Planning Update | The urban living renaissance

Planning Update | The urban living renaissance

Damien Holdstock, associate director at national planning and development consultancy Turley, explains why the boom in urban living – and the entrance of institutional investors into the sector – is good news for the future of the UK’s cities.

Up until the late 90s, city centres weren’t thought of as desirable places to live. Even the UK’s major cities were often run down and reported much higher crime statistics than towns on the outskirts, resulting in the most affluent homeowners opting to reside in the suburbs.

But fast forward 20 years and urban living is thriving.

Take Manchester, for example. It’s estimated that around 600,000 people are currently living in the city, up from 572,000 in 2015 alone, according to Manchester City Council’s State of the City report last year. This is thanks, in part, to the rise of the private rented sector (PRS) and more latterly the advent of build to rent (BTR) – which is making it easier and more attractive for renters to live in the city.

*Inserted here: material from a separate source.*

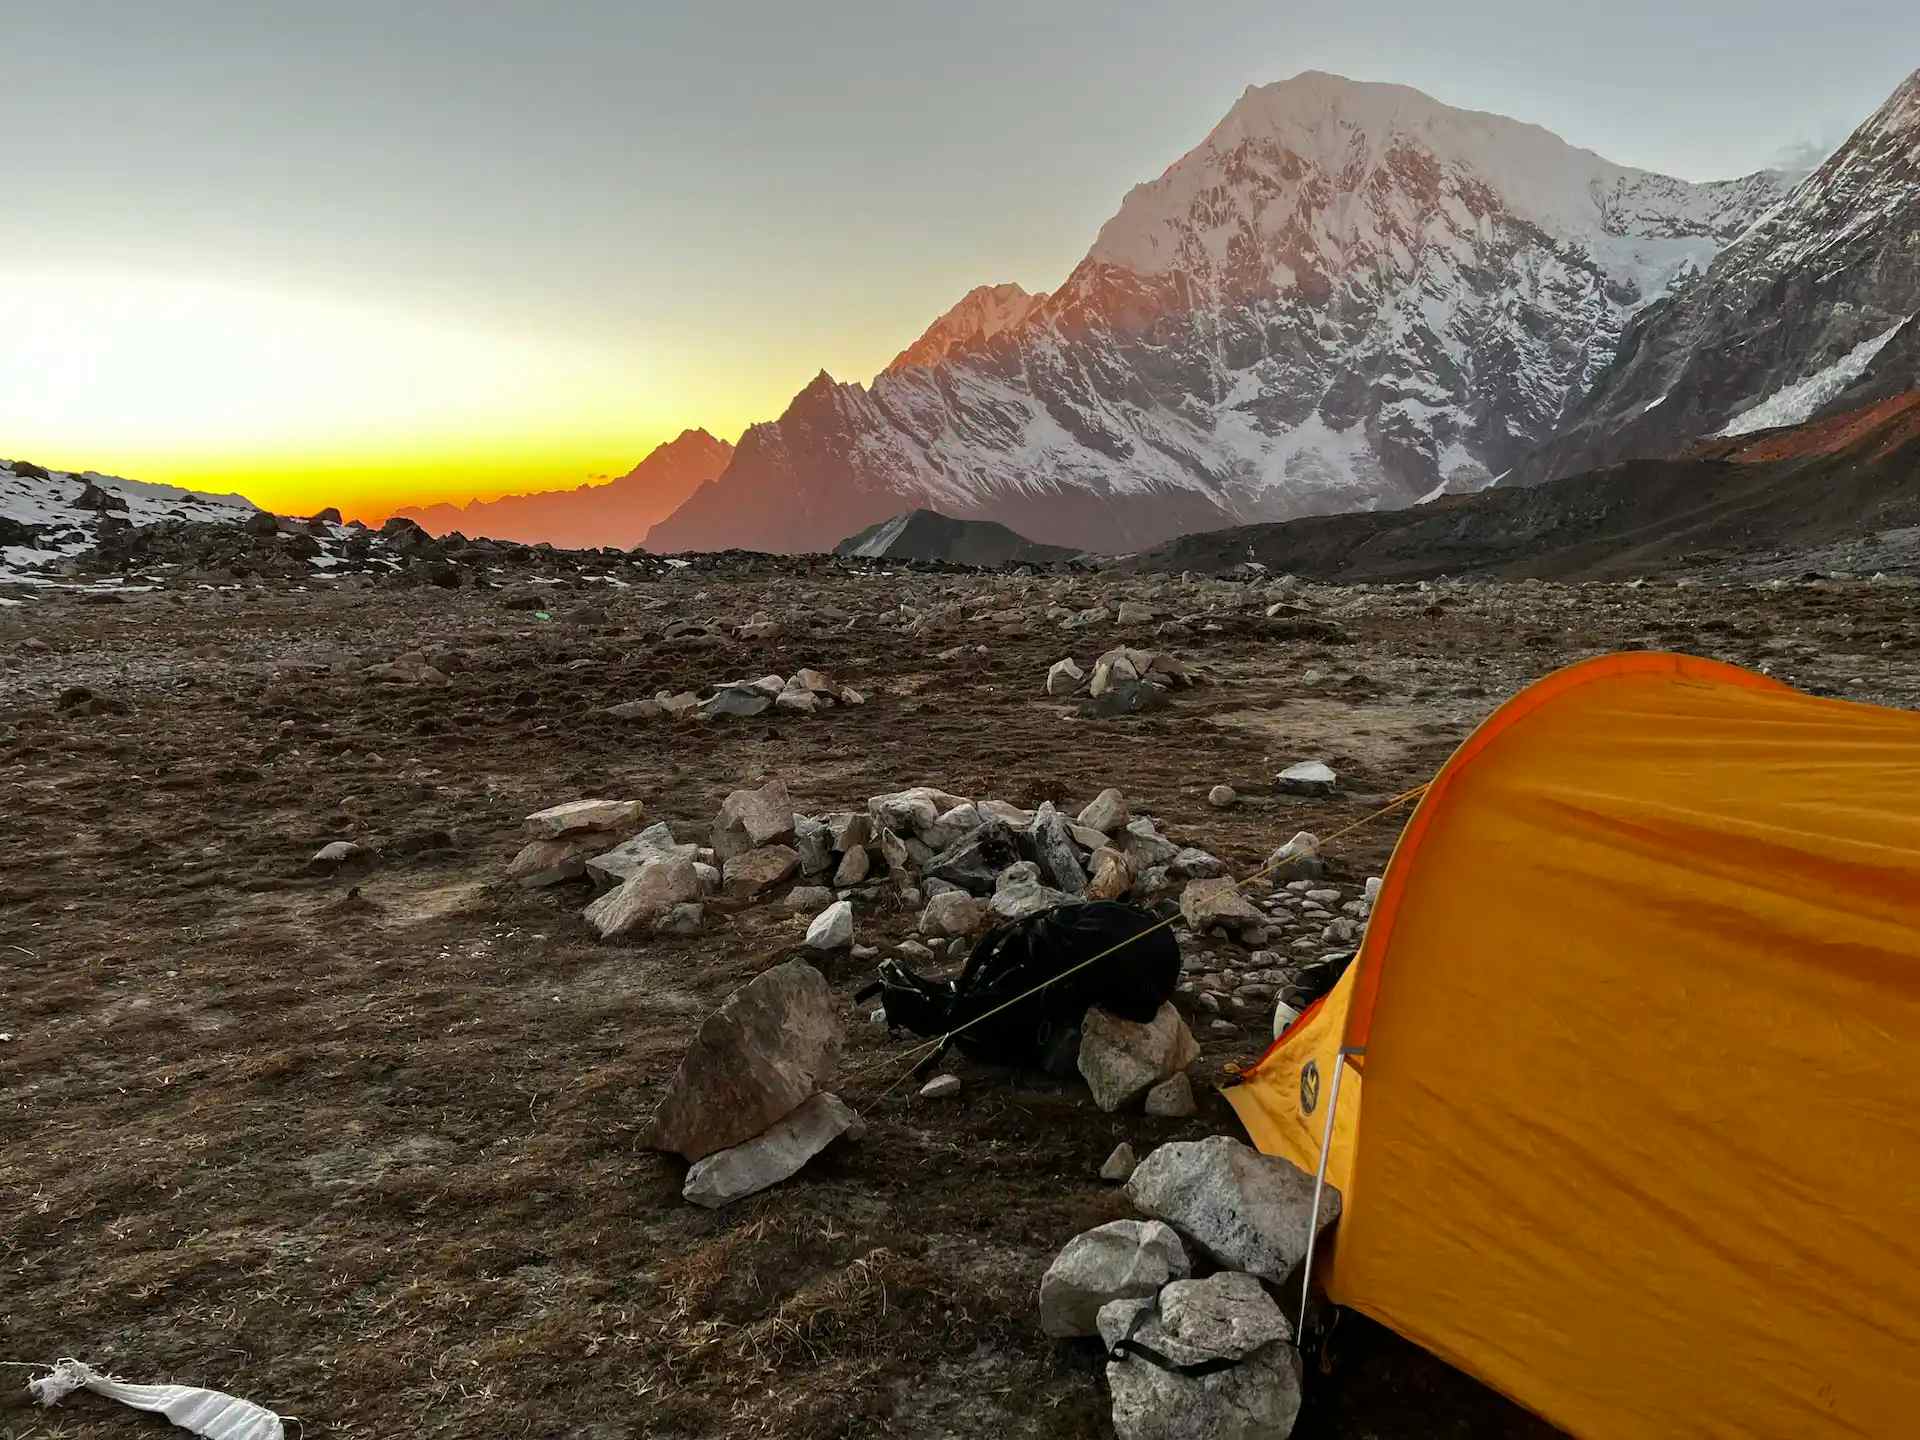 Yala Peak basecamp, Nepal. Photo: Customer/Rowan Brogden
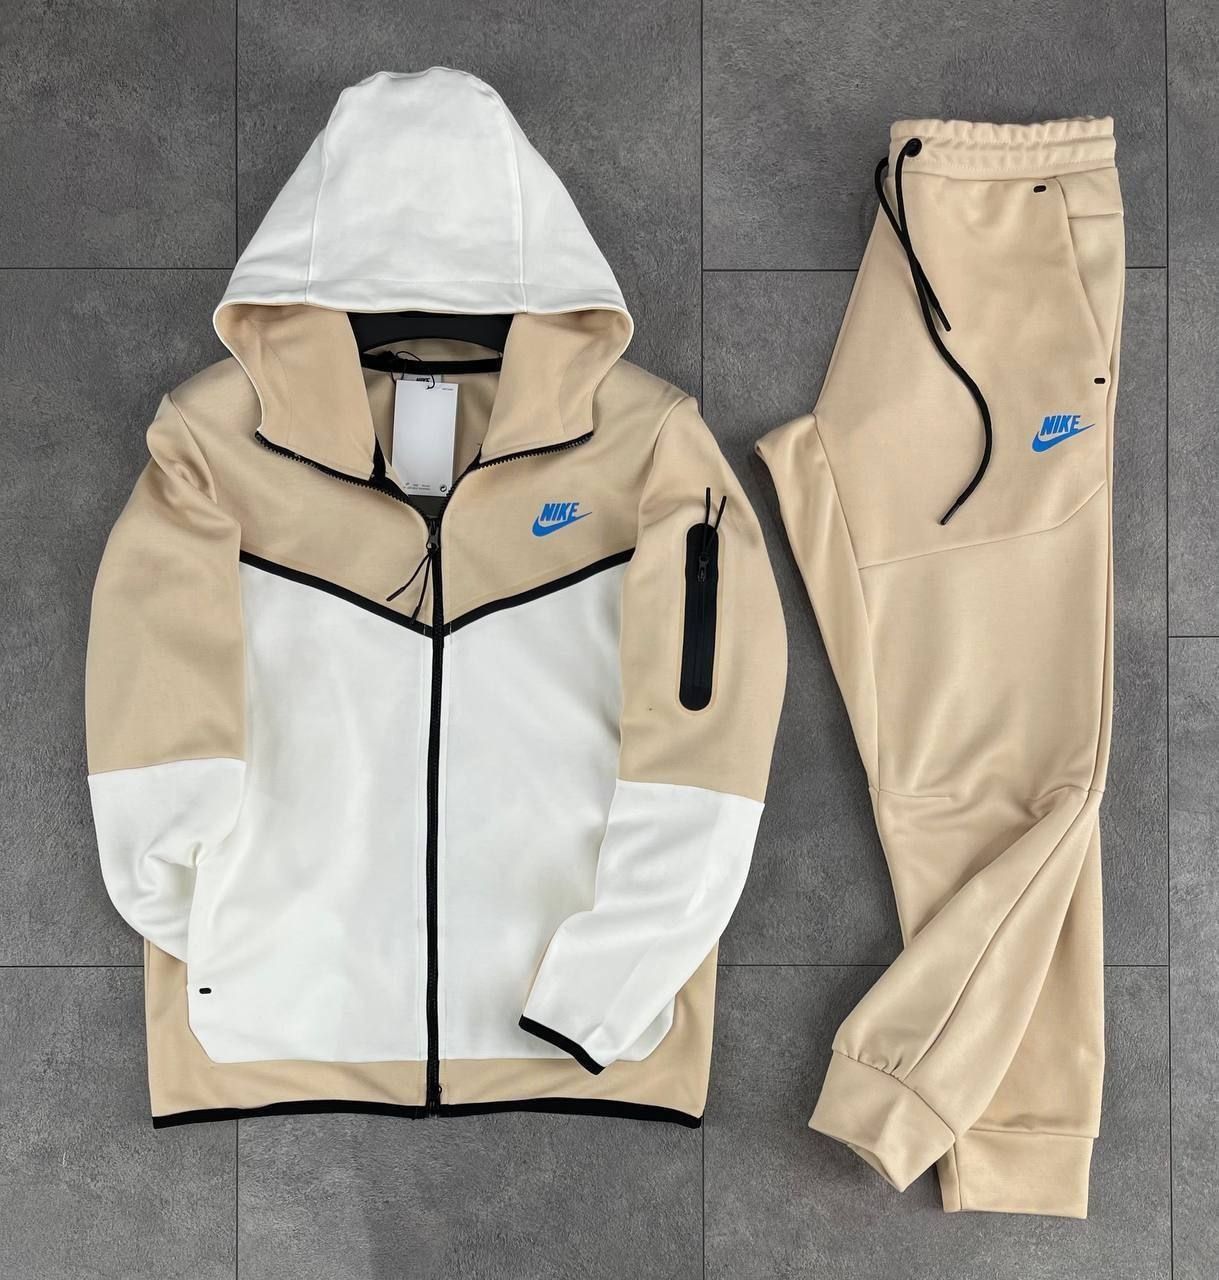 ТОП ЯКІСТЬ, Спортивний костюм Nike Tech fleece, чоловічий Найк теч

In London, PRS is about to become the biggest single tenure in the market – bigger than social rented or homeownership. An increasing proportion of this development is now BTR. Across the UK more widely, the BTR model continues to go from strength to strength too. It’s now estimated that 10 per cent of all projects starting nationally are BTR.

The rise of BTR is good news for city centres and for tenants. Urban living already has a well-established association with regeneration, bringing people into cities and helping to create vibrant hubs of economic activity by doing so. Urban living delivered as part of mixed-use developments has been particularly effective in this regard.

The BTR model is increasing the quality of accommodation available to tenants and changing perceptions of renting. Many of the institutional funds investing in BTR realise the need to provide high quality, desirable accommodation to ensure it can provide returns they are looking for over a long-term basis. Whilst the need for on-site amenities in BTR developments was initially untested, it’s now increasingly common for gym access, concierge services and shared communal spaces to be offered in these schemes.

Taken together, the regeneration of city centre areas and the increasing quality of accommodation available have led to urban living becoming an ever more popular concept. Not only for young professionals but for an increasingly wide demographic of occupiers who want to experience the bright lights of the city centre.

Unexpected residents
The wider demographic attracted to the concept of urban living in BTR accommodation is now beginning to encompass retirees, too.

With access to more shops, bars and restaurants, as well as better social infrastructure like libraries, banks and dental practices, it’s no surprise retirees are swapping the suburbs for the metropolitan lifestyle. For many retirees, urban living is an attractive concept that negates worries about isolation and loneliness that can often be associated with later life.

Urban living is also an increasingly attractive prospect for retirees looking to downsize from their old family homes, which may require a significant amount of upkeep. Moving into this type of accommodation allows retirees to release equity from the sale of their home, which can then be used to fund a lifestyle of their choosing. This also has the benefit of freeing up family housing for those looking to move onto the housing ladder.

The future role of BTR
Despite the trajectory BTR has enjoyed over the last five years from a relative standing start, there is still huge scope for further growth and evolution. While the model is now established in cities such as London, Manchester and Birmingham, the sector is in its infancy in the UK. In some regional cities it is still a relatively new concept.

Over the next few years, we can expect BTR schemes to become increasingly common place across the UK. We will see a greater volume of BTR developments catering for an increasingly wide demographic, from post-graduates and young professionals to retirees. This is something to welcome – particularly if BTR accommodation is delivered as part of the mixed-use development that can foster economic growth and prosperity, and continue to make a positive contribution to regenerating our cities.